Context Tuning for In-Context Optimization
This addresses the need for efficient and effective lightweight adaptation methods for large language models, though it is incremental over existing prompt-based techniques.
The paper tackles the problem of improving few-shot adaptation of language models without fine-tuning by introducing Context Tuning, which initializes trainable prompts with task-specific examples to leverage in-context learning, resulting in competitive accuracy to Test-Time Training with higher efficiency across benchmarks like CrossFit and MMLU.

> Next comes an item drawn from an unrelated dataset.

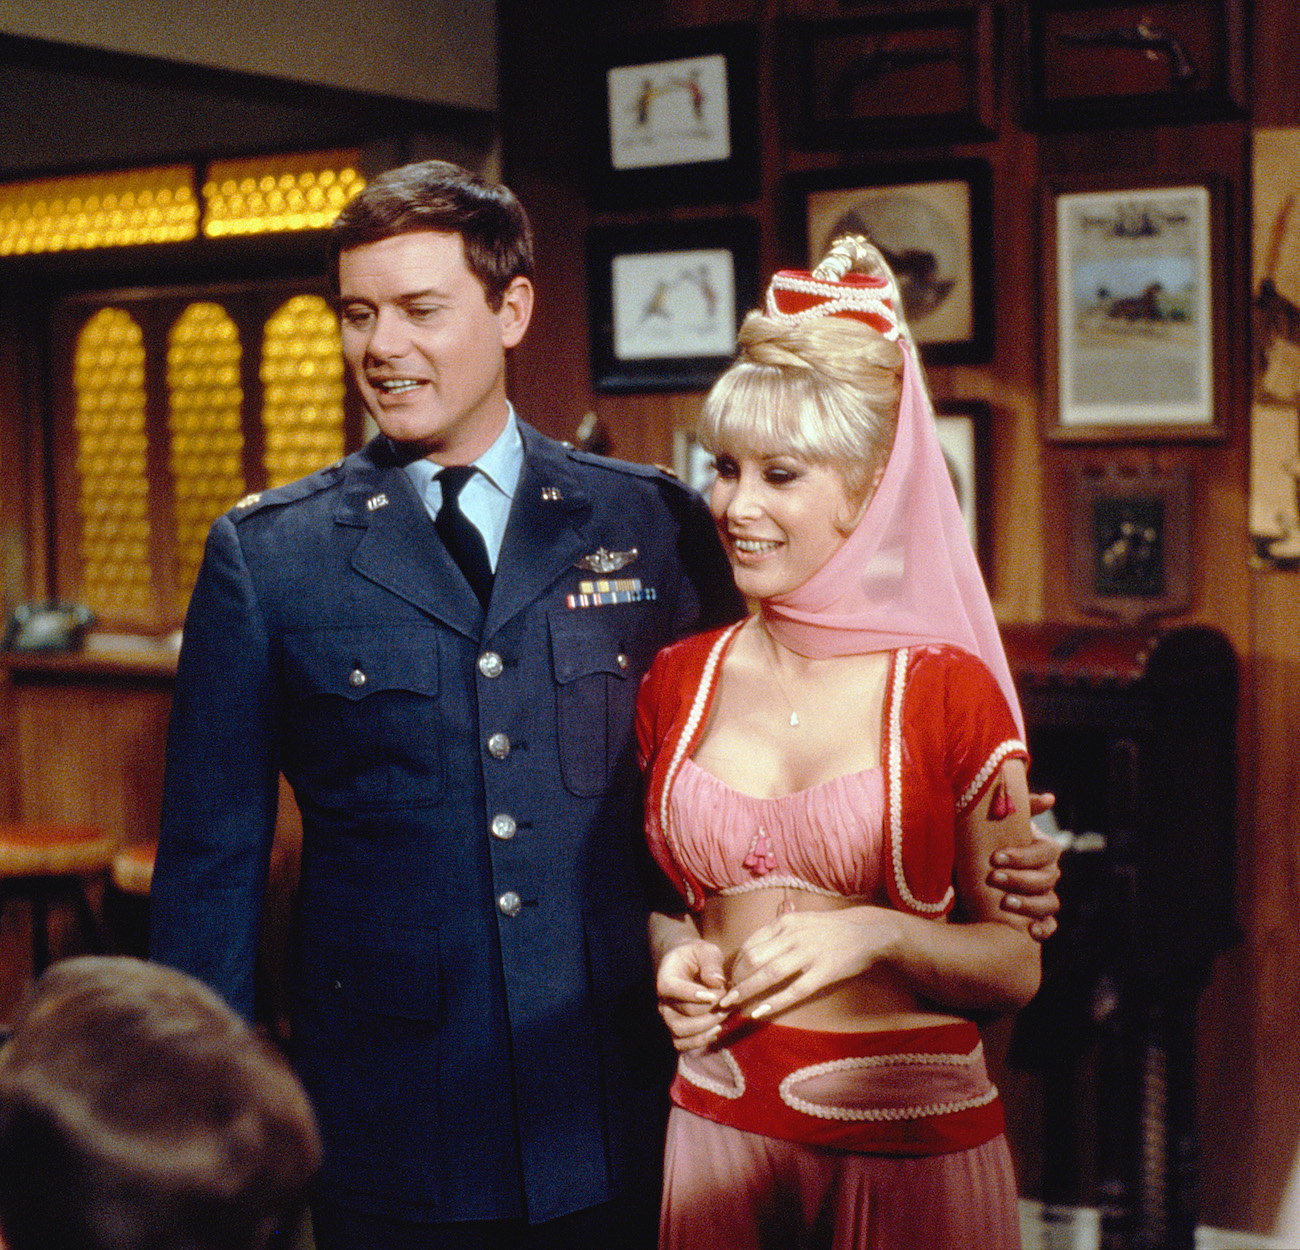 I Dream Of Jeannie Larry Hagman Took This Anything Goes Approach To Relax Before His Scenes
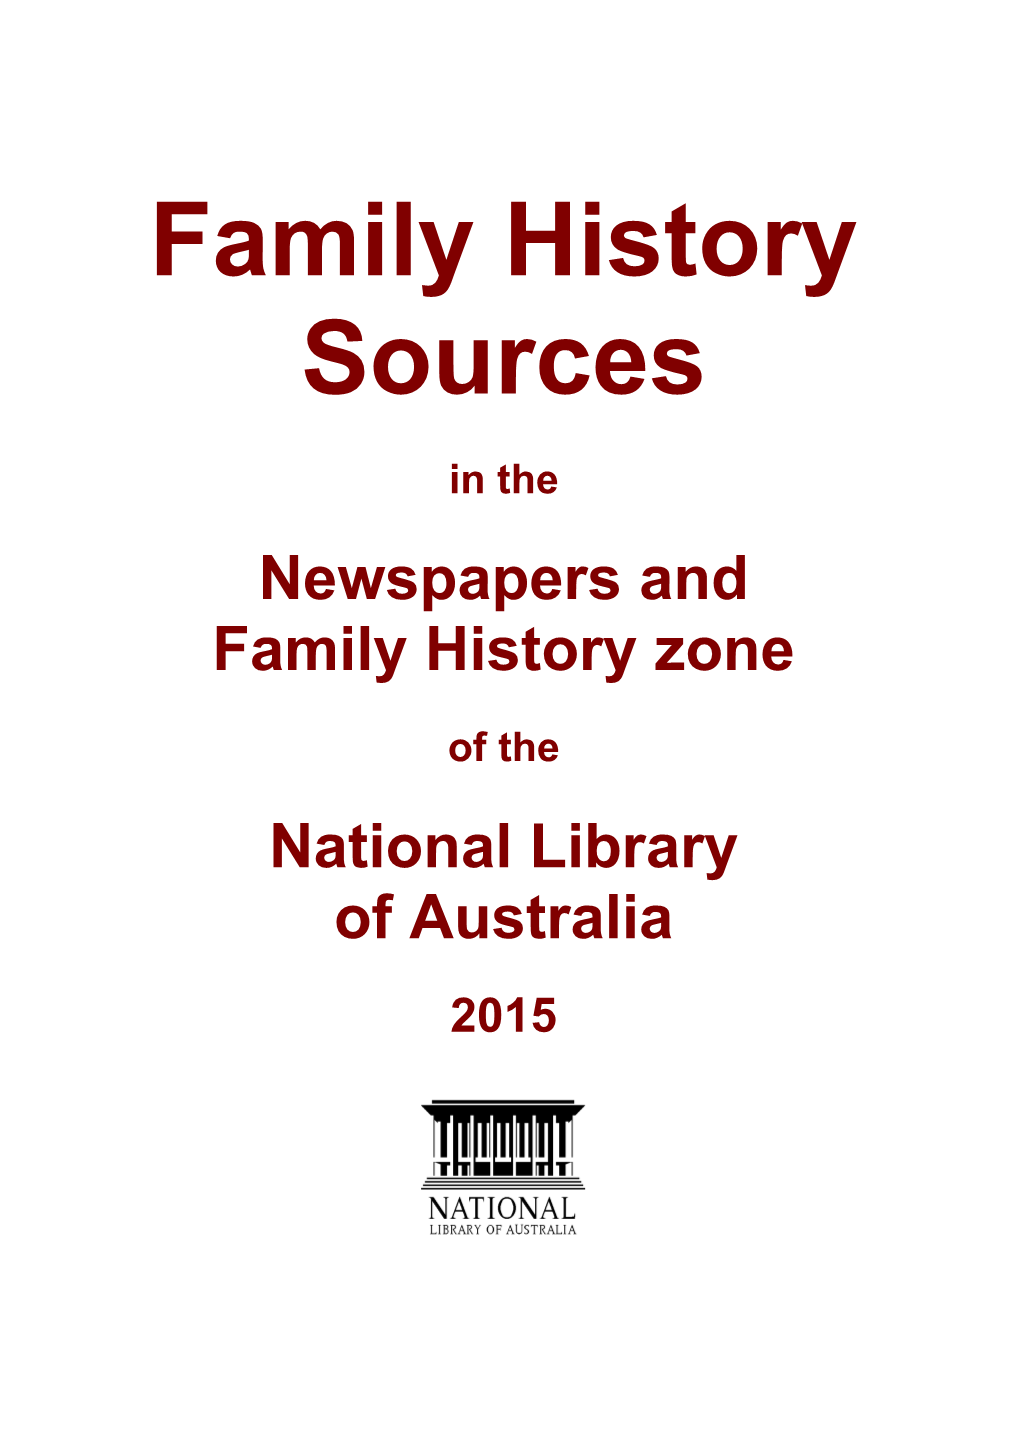 Newspapers and Family History Zone

We introduce Context Tuning, a simple and effective method to significantly enhance few-shot adaptation of language models (LLMs) without fine-tuning model parameters. While prompt-based adaptation techniques have demonstrated the effectiveness of lightweight adaptation methods for LLMs, they typically initialize a trainable prompt or prefix with irrelevant tokens for the task at hand. In contrast, Context Tuning initializes the trainable prompt or prefix with task-specific demonstration examples, leveraging the model's inherent In-Context Learning (ICL) ability to extract relevant information for improved few-shot learning performance. Extensive evaluations on benchmarks such as CrossFit, UnifiedQA, MMLU, BIG-Bench Hard, and ARC demonstrate that Context Tuning outperforms traditional prompt-based adaptation methods and achieves competitive accuracy to Test-Time Training with significantly higher training efficiency.